Today I was on edge. By early afternoon, I thought I would run screaming out of my skin. I did a mental inventory; post-period, not stressed about anything, not thinking about anything in particular...what was my problem? The Russian lover noticed something was wrong the way you notice something is wrong when you're standing next to the lit fuse of a bomb. "You're about to snap, I believe," he said in the bored voice of a man who is used to having women snap all around him. "Uhhghhluhh." I replied, in the strained voice of a woman who is trying not to snap.
"Maybe we could leave the city for the afternoon," he suggested.
The mere idea created even more anxiety for me.
"I think...I think I want to go the gym. I think I want to run and stuff." I mumbled.
"Ok" he shrugged with the shrug of a man who has learned it best to let women act on their whims.

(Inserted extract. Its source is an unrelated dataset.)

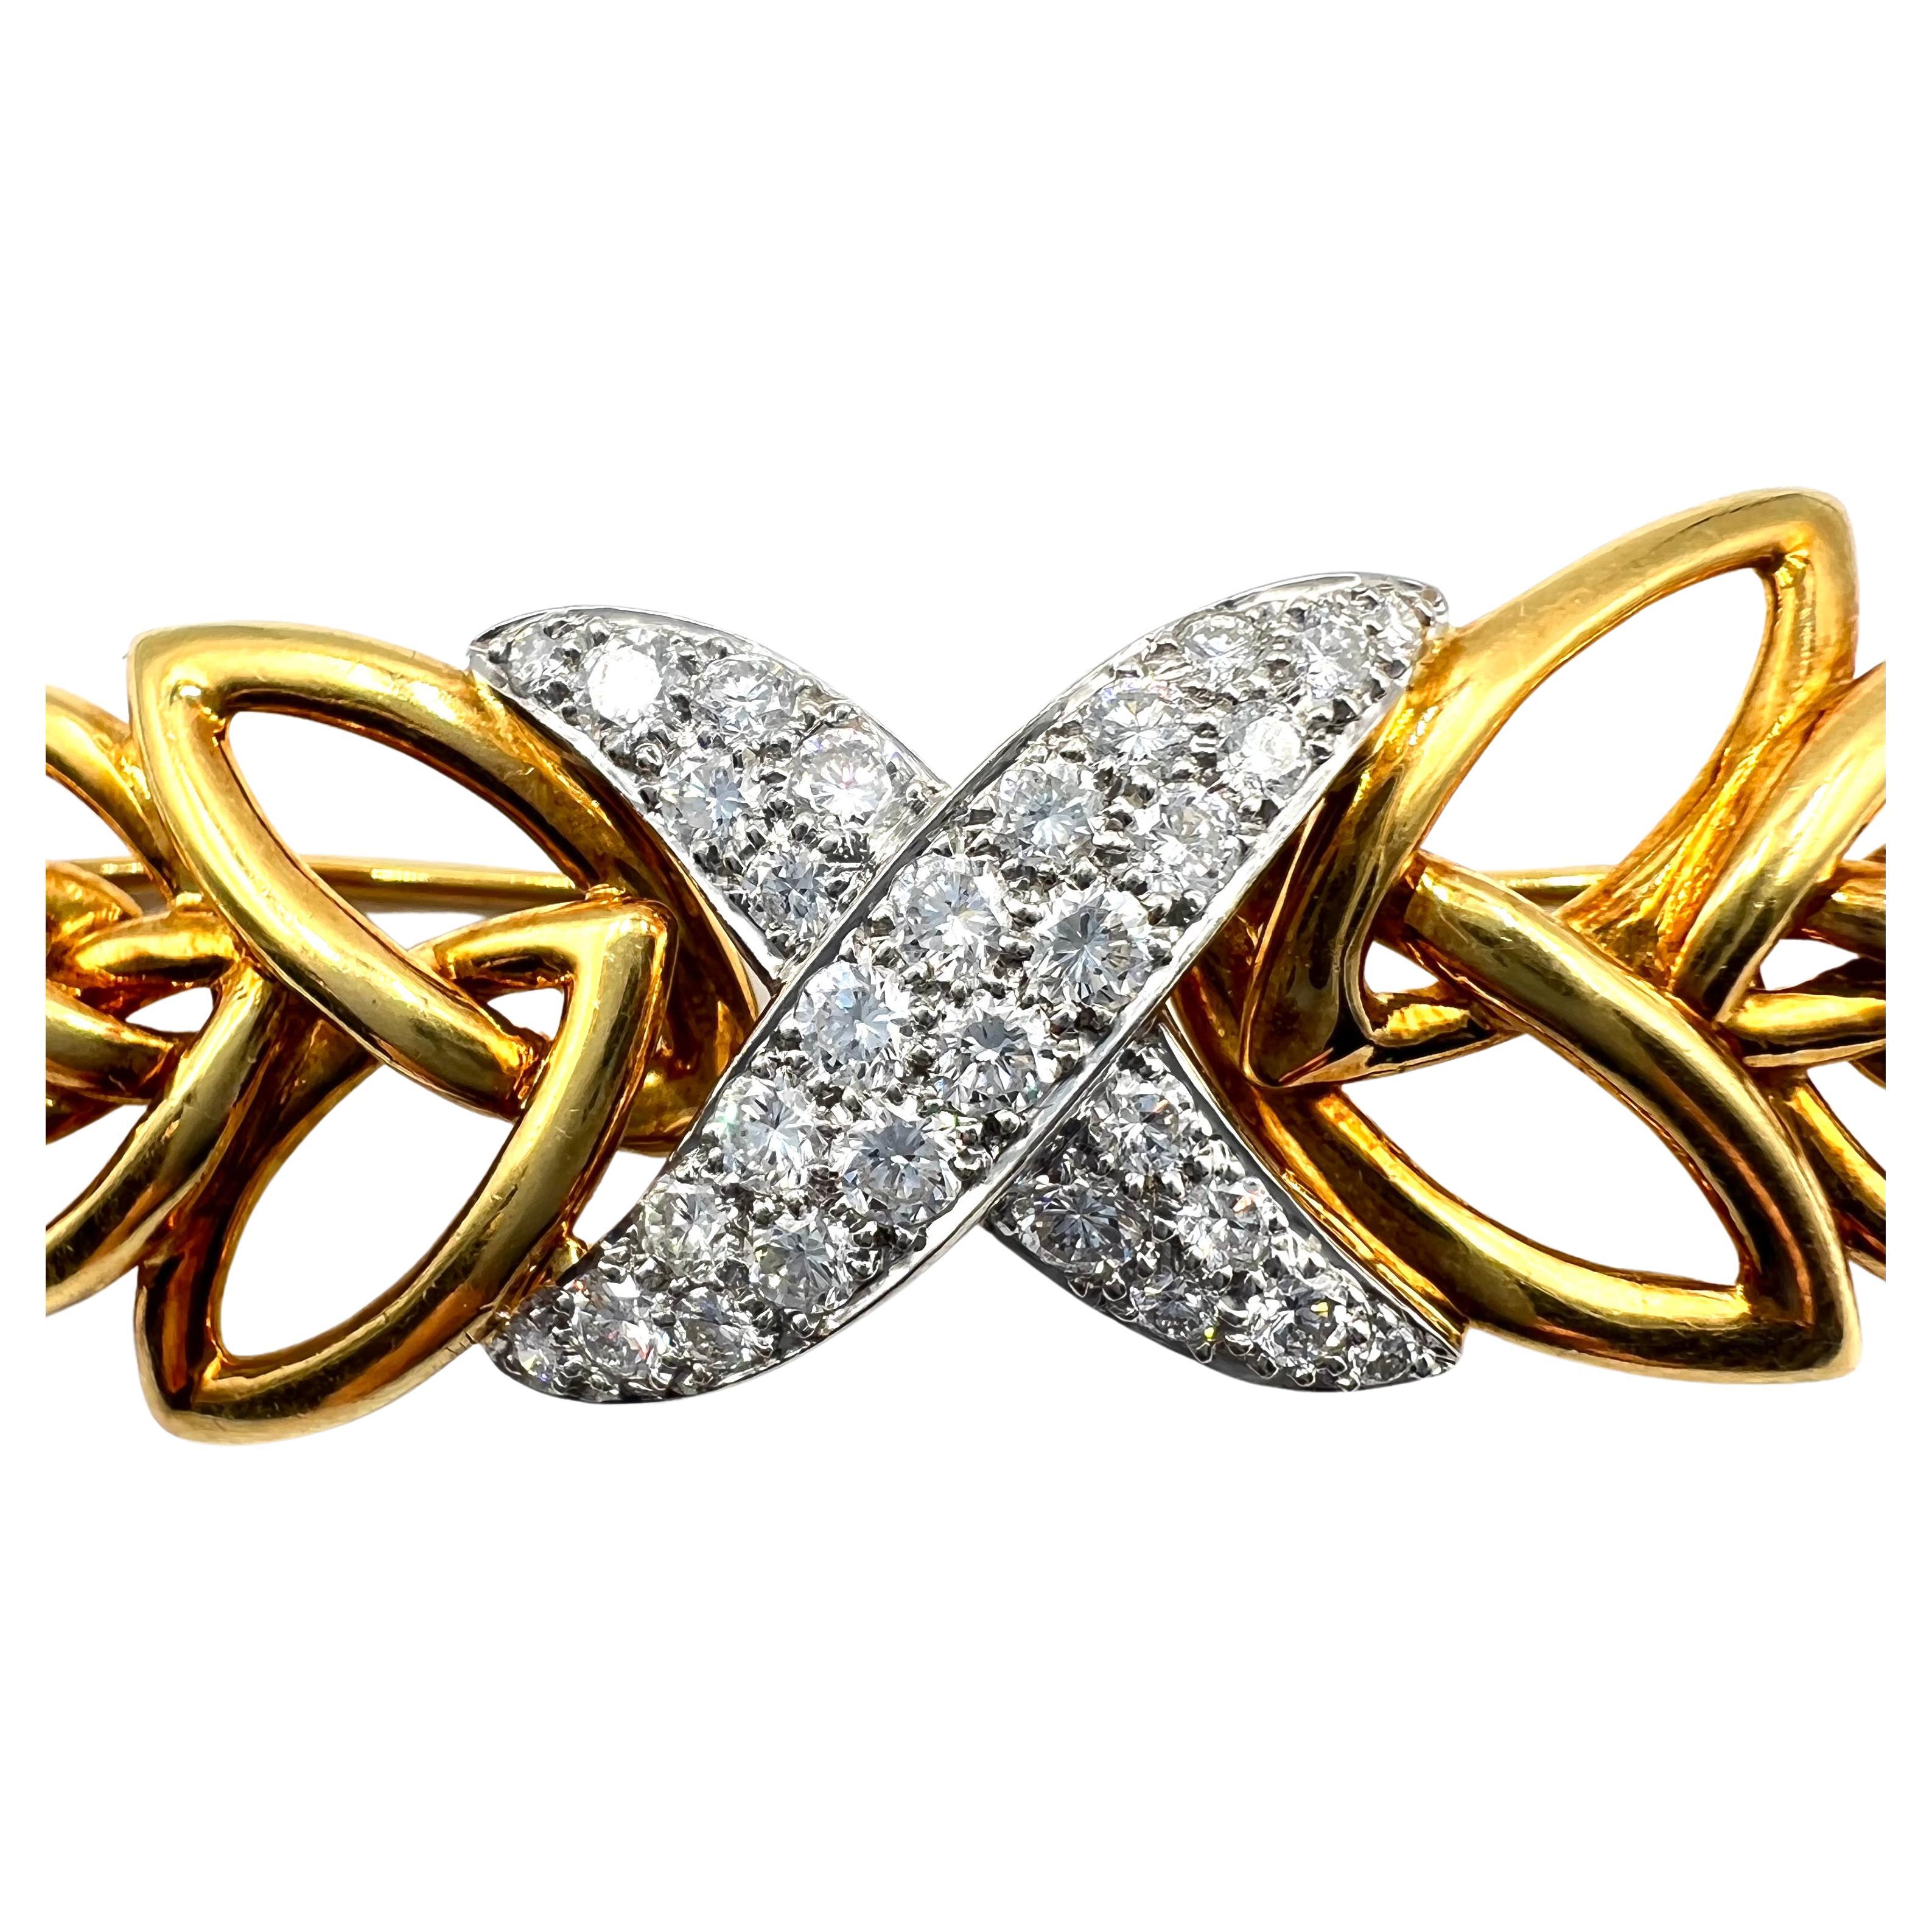 Épingle en or jaune 18 carats de Tiffany & Co. à motif de feuilles ouvertes et courbes, avec un motif central en forme de 'X' emblématique de Tiffany en platine, serti de trente diamants ronds de taille brillant totalisant environ 1,25ct. 2,75
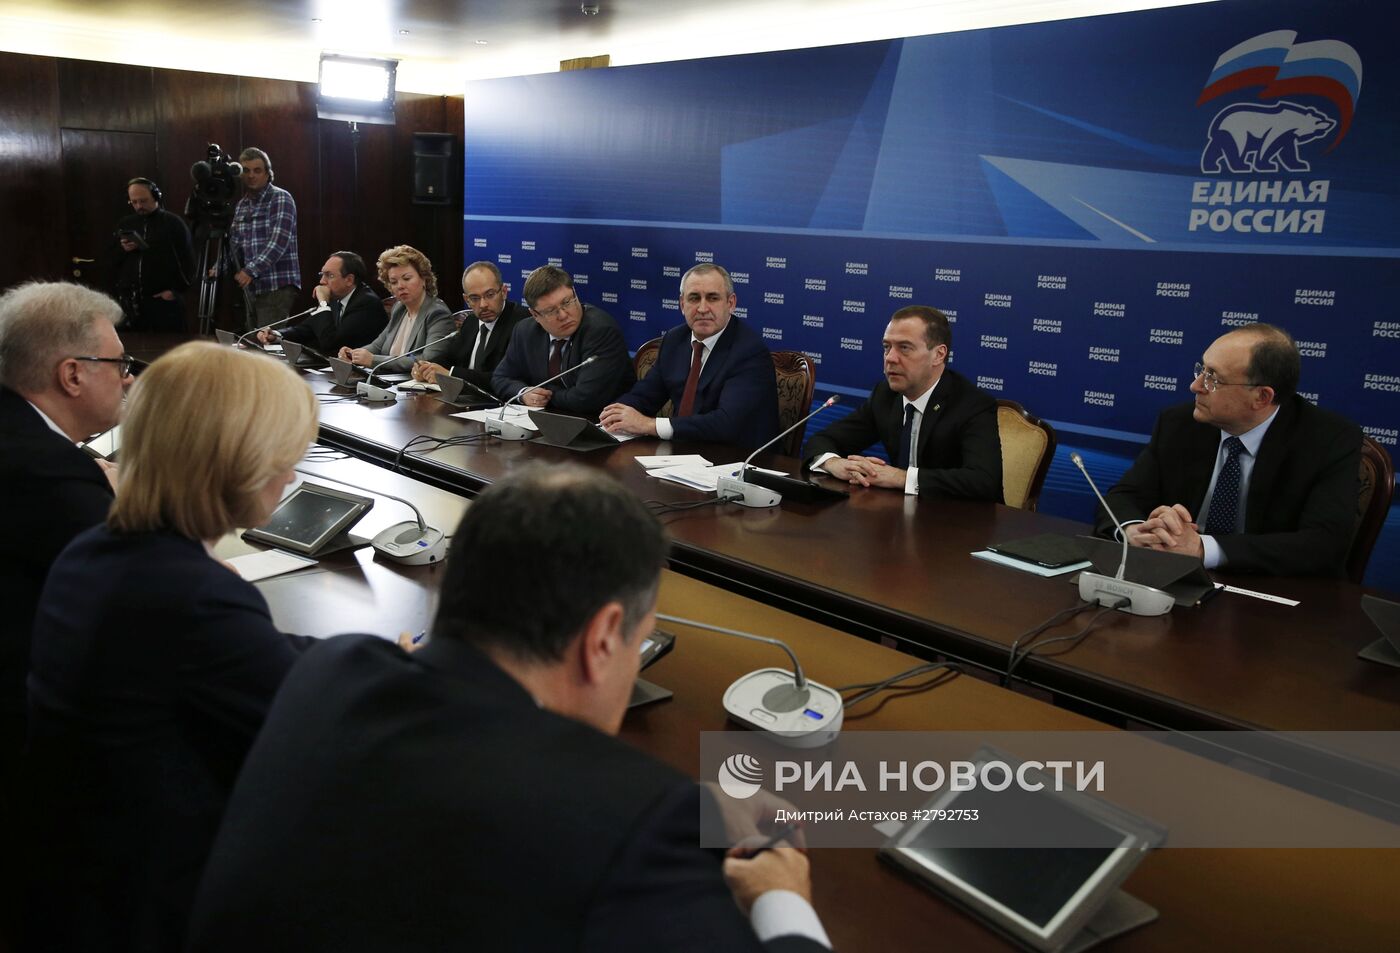 Премьер-министр РФ Д. Медведев провел заседание комиссии по подготовке программного документа "Единой России"

I changed and trotted across town, buoyed by the thought of stepping inside the sterile air of the gym and working myself into a euphoric exhaustion. But when I reached the gym, I realized I had forgetten my pass tag. The staff at the front desk saw my face. "Is something wrong?"
"I forgot my tag," I said in the horrified voice of someone confessing to murder.
"Ok, well-"
"I don't have a photo ID either. But I'll give you my social security number, anything..." I said.
The manager just took my hand held it. "It's ok, honey. We don't even have your social security number here. Just give us your name today, OK?"
My relief was immediate. I was a drug addict with my next fix in hand.
Once on the treadmill, the mystery tension started to immediately loosen its noose. But it was when the wind changed and the skies opened and I saw that outside it was raining like all hell that I really started to feel the release.
Apparently, my agitation was merely barometric in nature.
Comments (1)
The concluding line/ twist ending gives this interesting personal anecdote some additional 'short story' literary quality. I like the subtle connection to nature. It appeals to my sense of spirituality - if you can call it that.